James Kinds - Love You From The TopJames Kinds, the tried-and-true working bluesman, has recently released Love You From The Top, a righteously soulful album packed with West Side Chicago sound. While Kinds has recorded other albums in the past, this is his first widely available release, despite the fact that he’s been a working musician for nearly 40 years.

James wrote all of the material himself, and brought in the expertise of Eddie Shaw, the Mississippi-turned-Chicago bluesman, who was part of Muddy Waters band and eventual bandleader for Howlin’ Wolf’s band. Shaw lends a stinging, vibrant tenor saxophone on several tracks. The rhythm section is handled by Claude Thomas on drums and Anthony Dotson on bass. Al Pool does great work with the second guitar.

Most songs adhere to the twelve bar standard, and aren’t necessarily packed with originality. There’s certainly a feel that this band’s sound was forged in the clubs, which has both positive and negative qualities. At times the beats are loose, and on a couple of tracks, the band has some minor issues hang-ups staying together. One of the most positive aspects, however, is the band’s devotion to giving all of their energy to every track on the album, which makes the difference between “just another album” and one in which the music shines. Despite the aforementioned issues, one of the biggest draws to this album is James’ dynamic, soulful voice. He has a genuine gospel and R&B flare in his music, which is fitting considering Kinds grew up singing gospel.

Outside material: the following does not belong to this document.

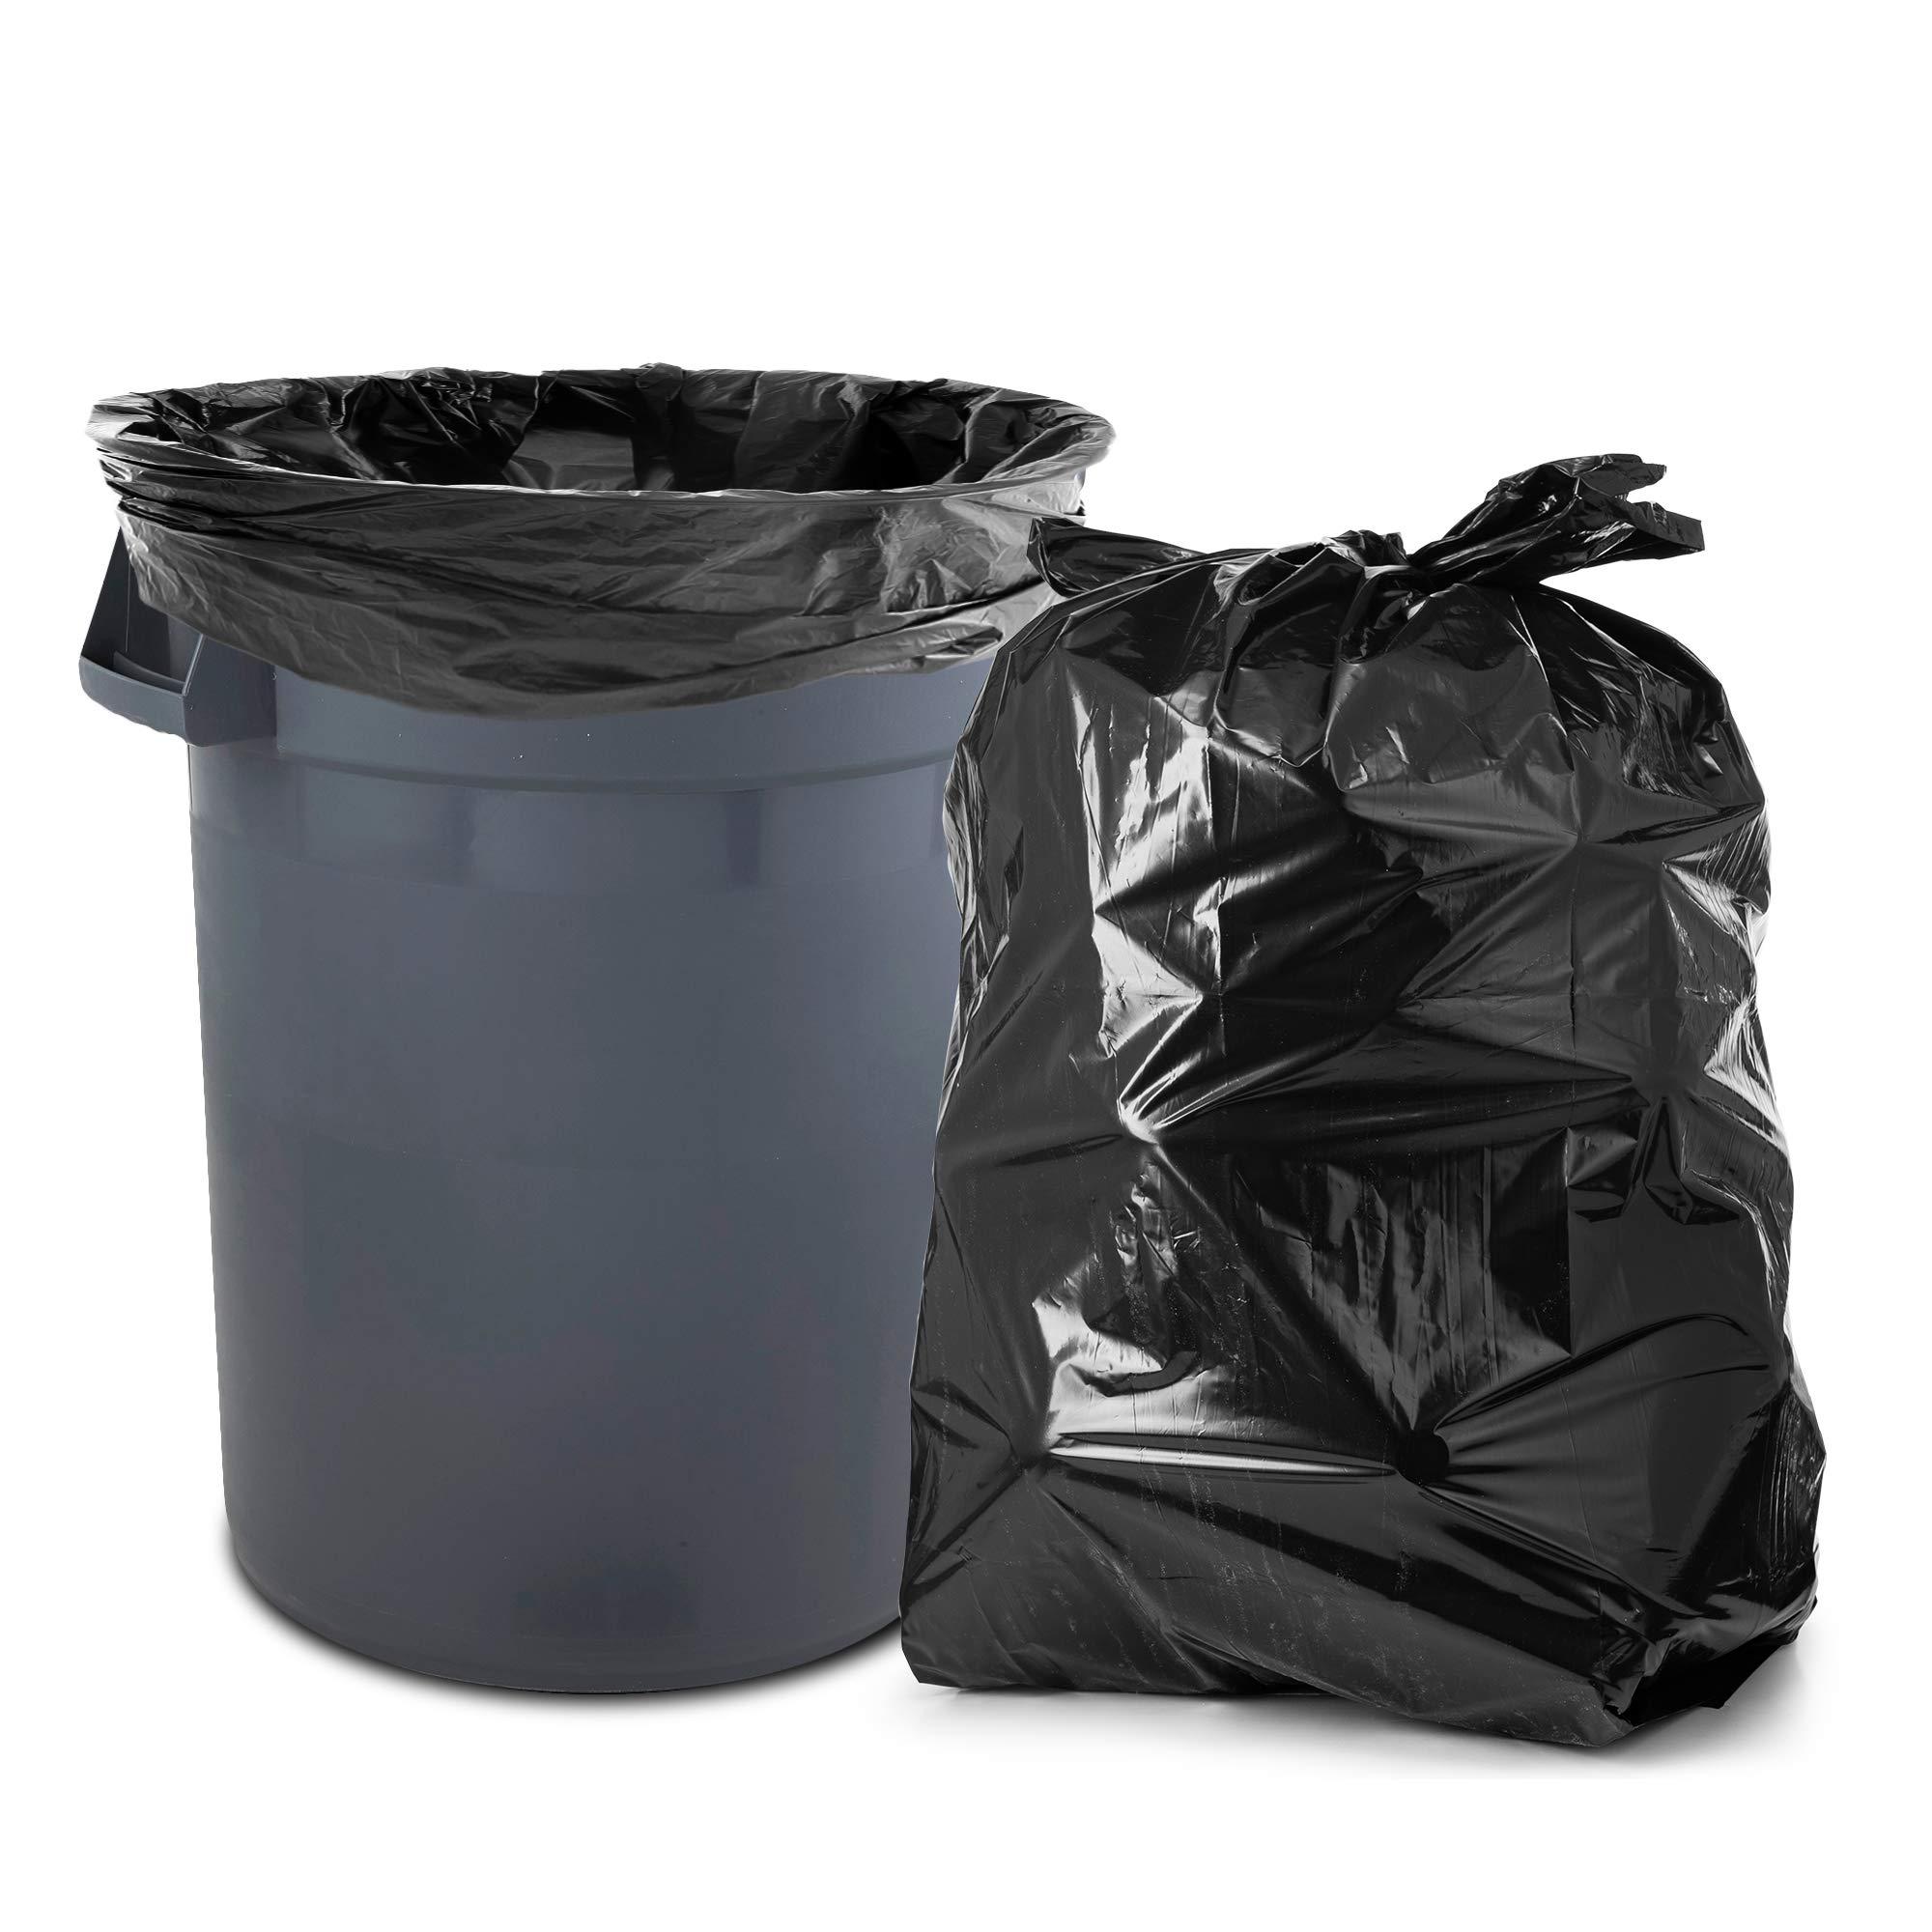 Tasker Rubbermaid Compatible 44 Gallon Trash Bags, Large Black Garbage Bags, (100 Case) by Tasker

There’s a combination of sounds in Love You From The Top that tend to keep the tracks fresh, despite the heavy use of the twelve-bar. There’s a strong sound of Chicago’s south side, mixed with soul, R&B and classic blues.  “My Mama Told Me” has a B.B. King kind of slow and sashay style with single note solos, while the album’s title track, “Love You From The Top”, is a solid Chicago track. A notable detour into soul territory comes in the excellent original “Take A Look At Yourself”, a refreshingly soulful sound that could have just as easily come straight from Stax Records. Ultimately, the key to a good blues album is in the delivery, and Kinds and company deliver up their hearts and energy on a silver platter in Love You From The Top.

The long-running blues record label Delmark Records has done much to chronicle the rich sounds of the Midwest’s blues, and James Kinds’ album is another admirable addition to their always-growing repertoire.